How have you been getting your greens?
A spicy, peppery dish using dandelion greens.
Ingredients
- 1/4 cup organic raisins
- 1 large onion, sliced
- 1 bunch organic dandelion greens, washed and ends trimmed
- 2 tablespoons balsamic vinegar
- sea salt, as needed
Instructions
- Cover the raisins with warm water. Set aside.
- Heat a large stock pot over medium-low heat. Add 1/4 cup water. Add the onions and sweat them until they're tender.
- Add the dandelion greens with the water still clinging to the leaves. Stir the greens regularly so that they cook evenly.
- Once the greens are cooked, drain the water off of the raisins and add them to the greens and onions. Stir in the balsamic vinegar.

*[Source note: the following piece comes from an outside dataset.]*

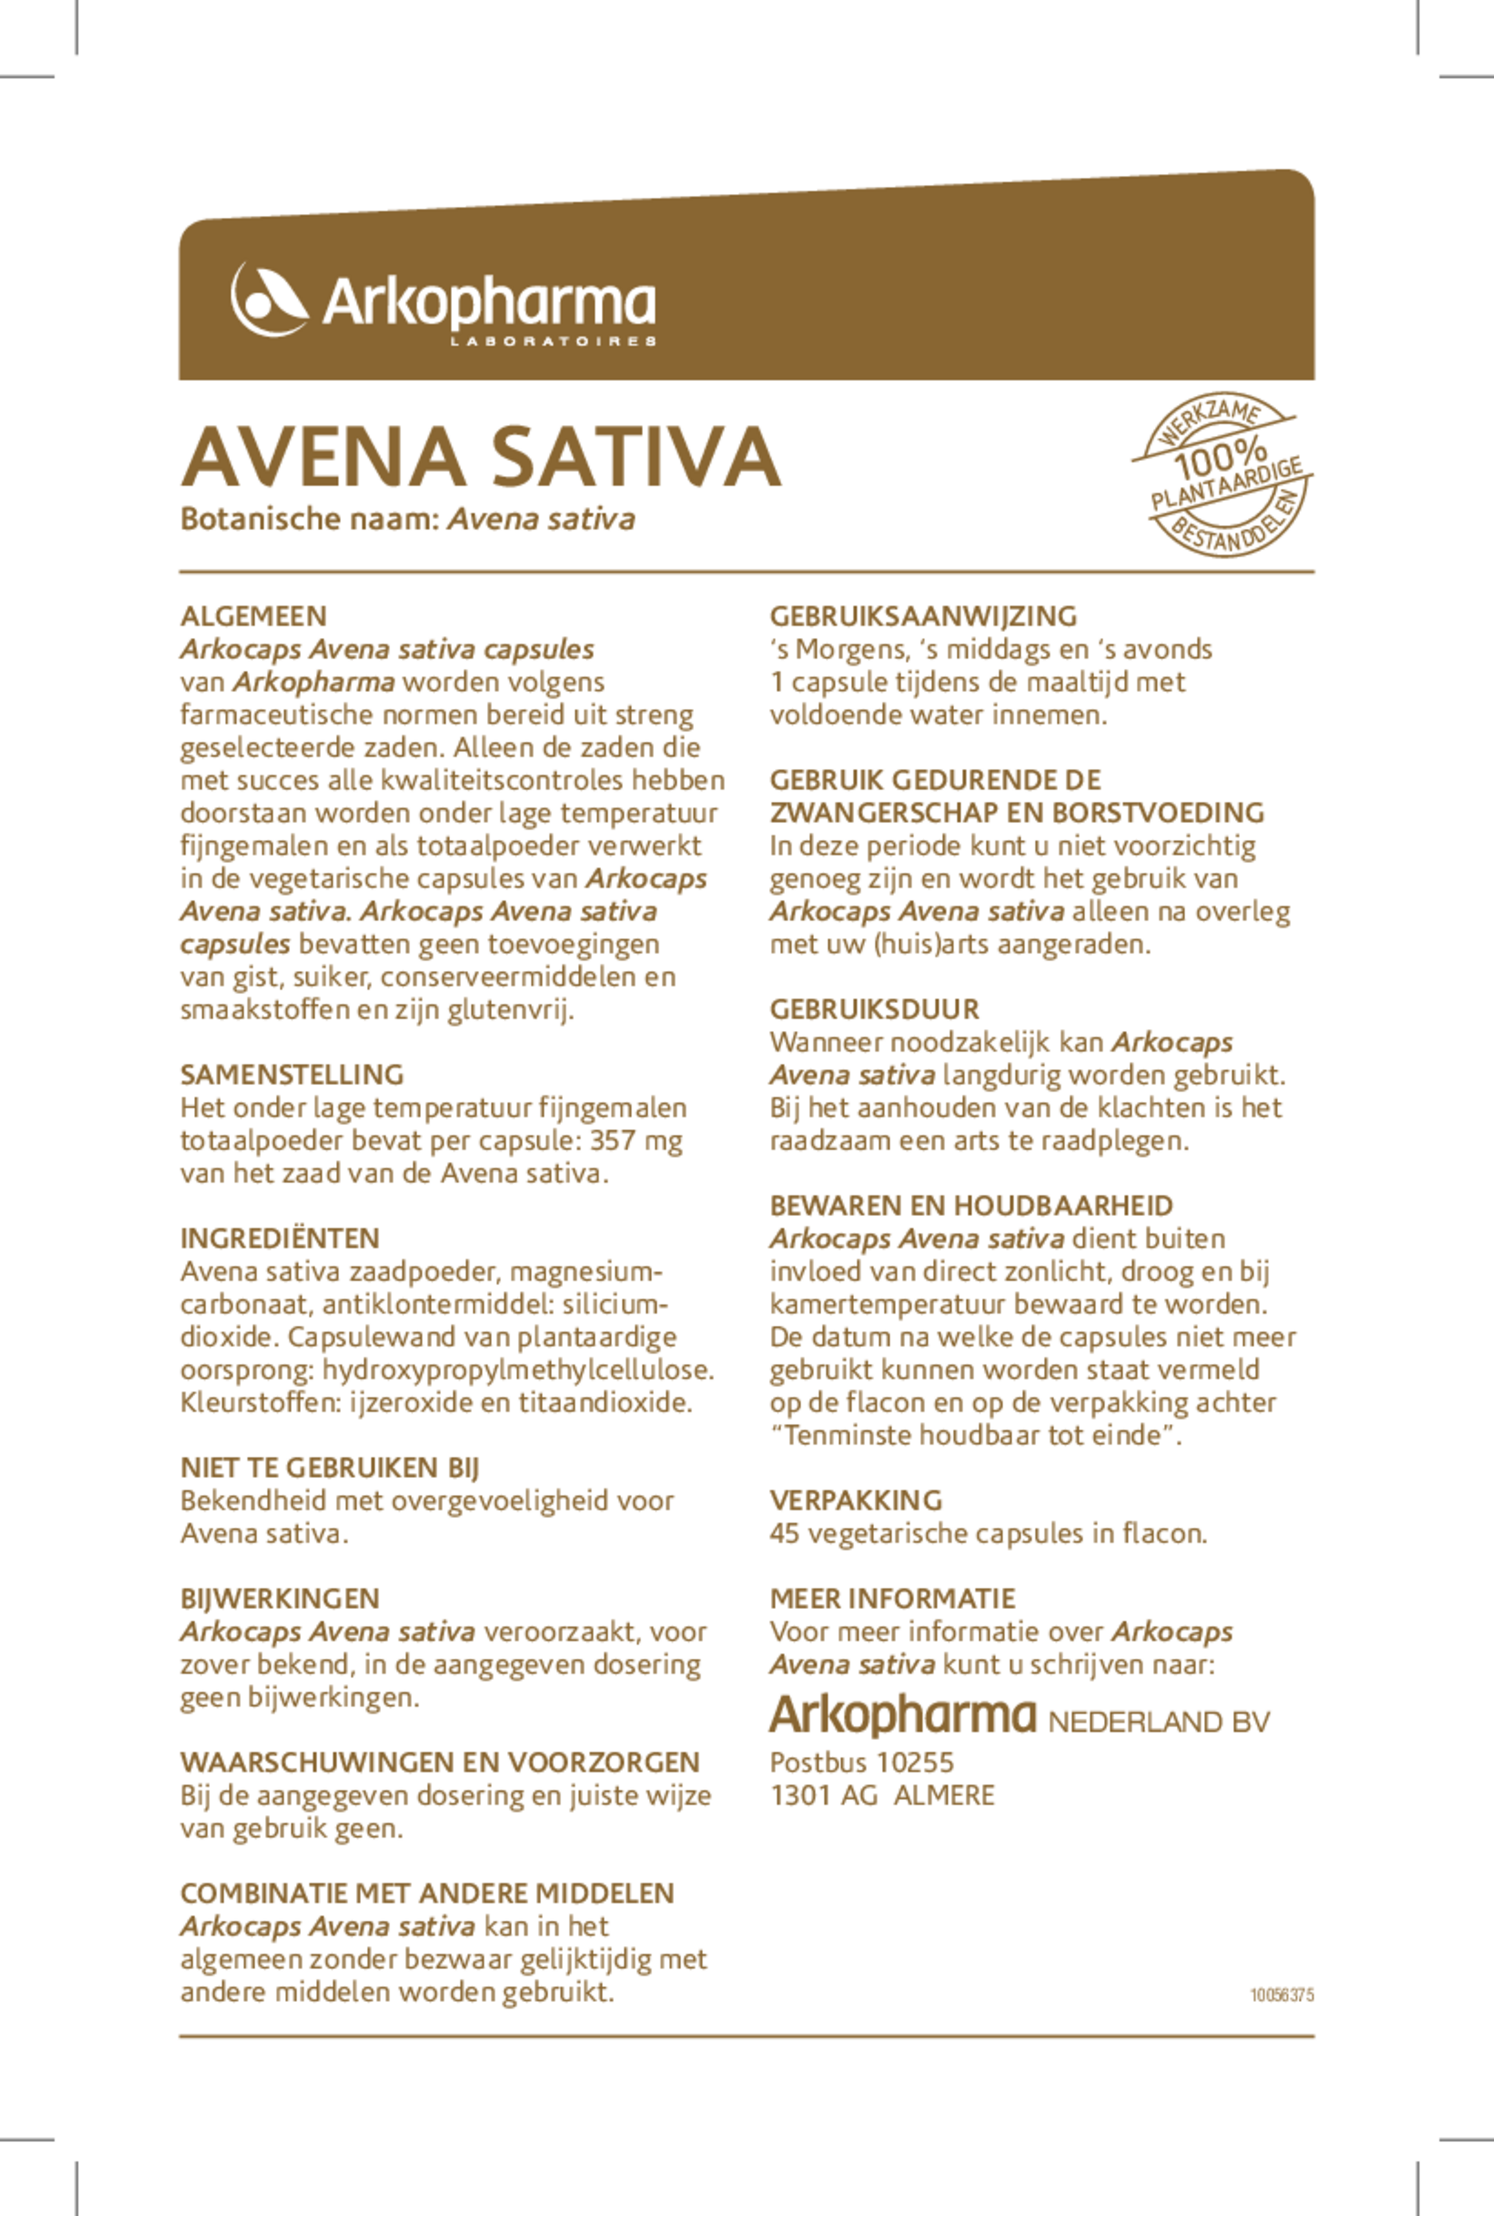 Avena Sativa Capsules afbeelding van document #1, gebruiksaanwijzing

- Taste and season with salt as desired.
- Serve warm.












Alta
posted on July 5, 2012 at 11:43 am
I’ve only tried cooking dandelion greens once and they seemed so bitter to me at the time, I never tried again! This sounds really good though – I love using raisins with greens. And of course, onions, because you’re right – they do get sweet. I think I need to try this again. After all, my tastes have evolved – I would have never tolerated kale in a smoothie a year or more ago, and now it’s normal to me. Why not dandelion greens?!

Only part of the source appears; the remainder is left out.